Proposed hotspot in the Atlantic Ocean

Sierra Leone hotspot is a proposed hotspot in the Atlantic Ocean.

The existence of this hotspot has been inferred from the Sierra Leone Rise and the Ceara Rise in the Atlantic Ocean, two submarine topographic features around the 5th parallel north. They formed as a single oceanic plateau that was subsequently split by the Mid-Atlantic Ridge during the Jurassic and Cretaceous (Aptian).

According to the proposal by Basile et al. 2020, the Sierra Leone hotspot 201 million years ago was at the centre of the Central Atlantic Magmatic Province, north of the Blake Plateau off North America.
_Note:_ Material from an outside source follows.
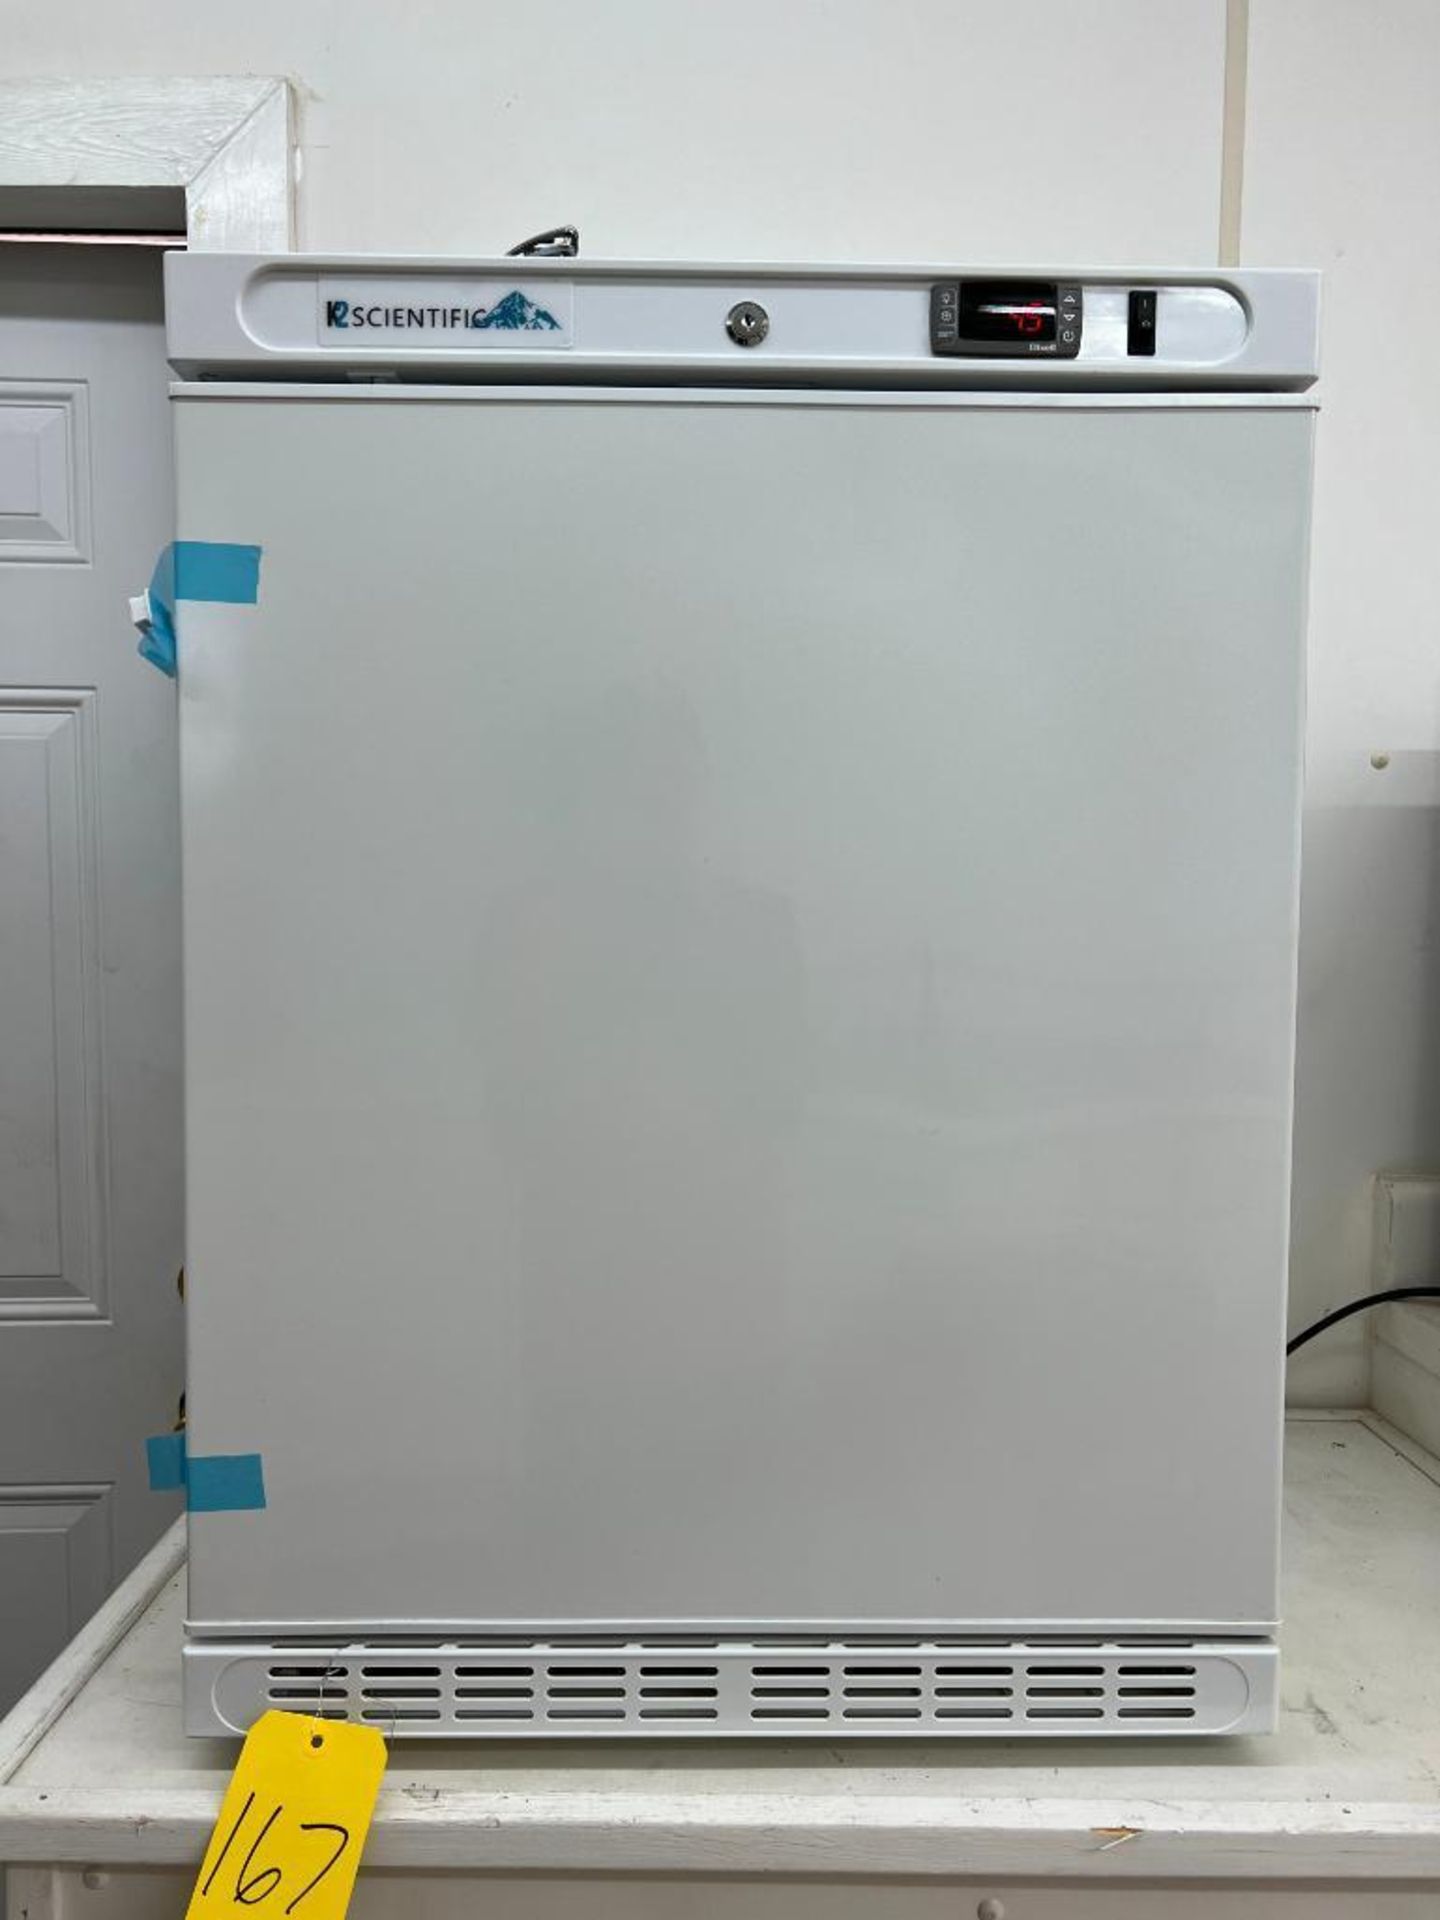 NEW K2 Scientific Lab Refrigerator - Image 2 of 4

The hotspot 180–170 million years ago formed a first oceanic plateau that was subsequently split by the Mid-Atlantic Ridge around 100 million years ago, forming the Demerara Plateau and Guinea Rise. Between 90 and 70 million years ago the hotspot was under the African Plate, forming the northern Bathymetrists Seamounts. The Mid-Atlantic Ridge eventually reached the hotspot, resulting 82–55 million years ago in the formation of a second oceanic plateau which was again split by the Mid-Atlantic Ridge to form the Ceara Rise and Sierra Leone Rise. Since then, the Sierra Leone hotspot would have been again located on the African Plate, now generating the southern group of the Bathymetrists Seamounts. 10 million years ago it generated the Knipovich seamount.
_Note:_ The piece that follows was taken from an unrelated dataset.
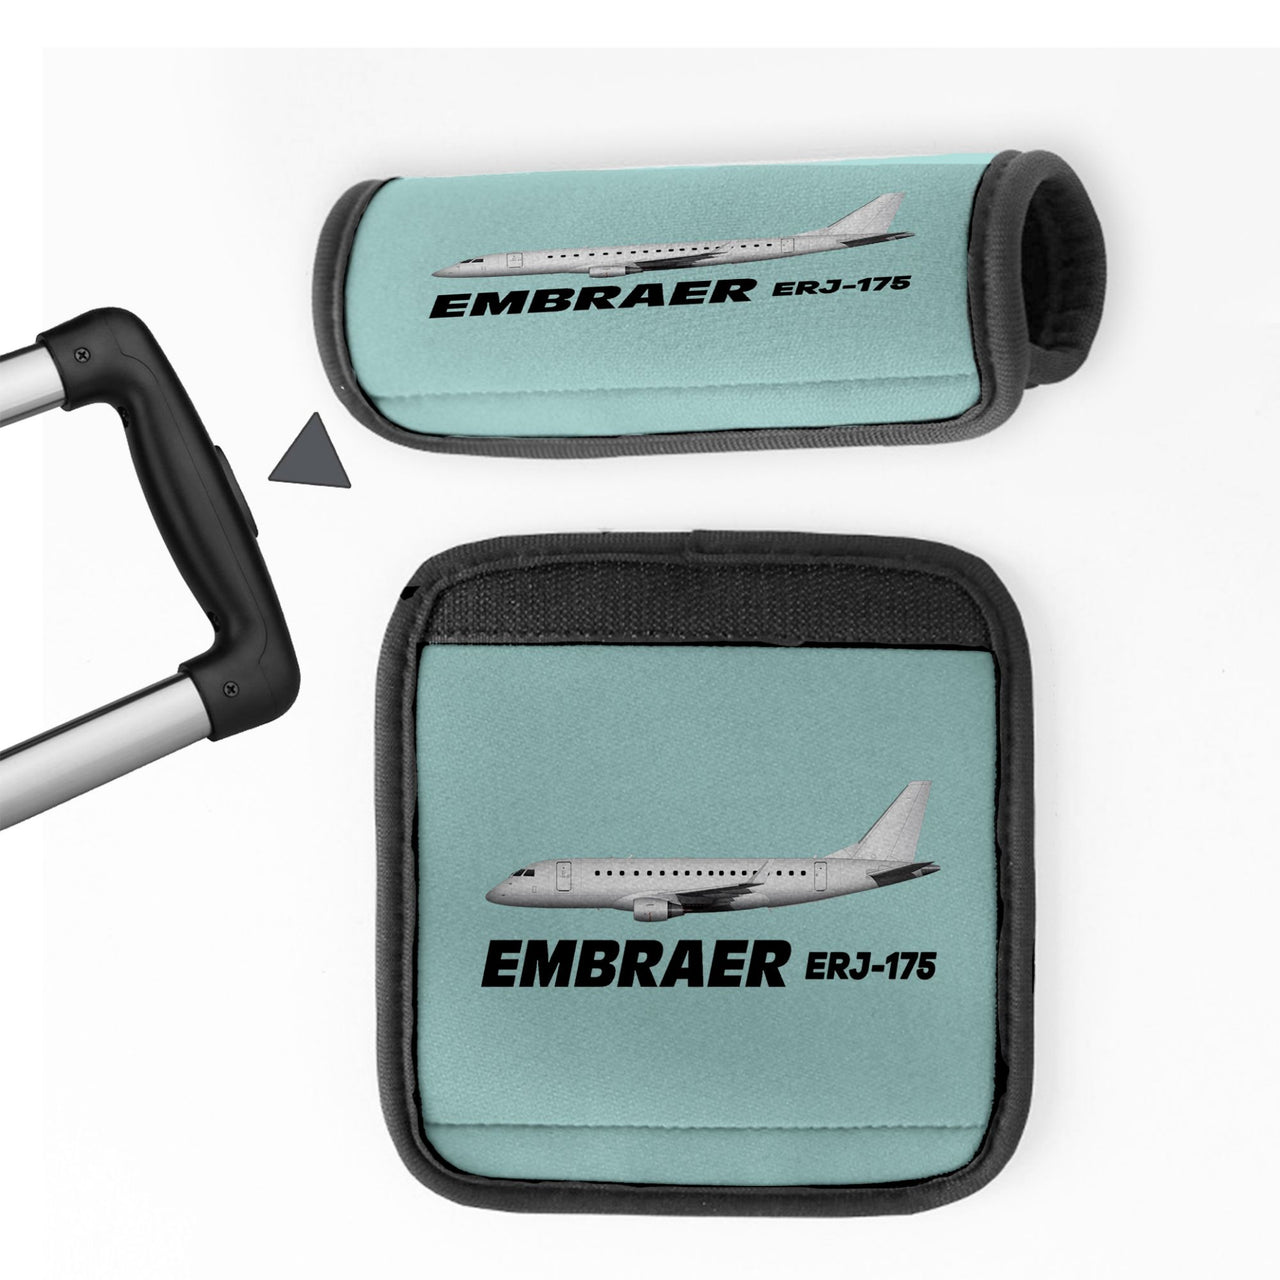 The Embraer ERJ-175 Designed Neoprene Luggage Handle Covers

The hotspot is currently located about 100 km west of Knipovich seamount; it is presently inactive. According to an alternative proposal by Long et al. 2020, the hotspot would now be centered on above a seismic velocity anomaly in the mantle and in a cluster of seamounts. A final proposal in 2026 was that there is no mantle plume, just a mantle domain that produces unusually high quantities of melt at the Mid-Atlantic Ridge.

Other structures influenced by the hotspot:
- The Bahamas may be a hotspot track of the Sierra Leone hotspot, which between 170 and 155 million years ago may have been active on the North American Plate.
- The east–west trending Bathymetrists Seamounts north of the Sierra Leone Rise. They were capped by carbonates during the mid-Eocene. Some of the northern seamounts however produce problems in plate tectonic reconstructions if they are correlated to the Sierra Leone hotspot.
- Syenites on the Îles de Los may be a product of the hotspot.
- Certain segments of the Mid-Atlantic Ridge may be influenced by the hotspot.
- Knipovich seamount rises to a depth of 600 m below sea level and has a 12 × 6 km summit.
- Plate motion changes during the Paleocene may have been driven by the torque from the Sierra Leone hotspot.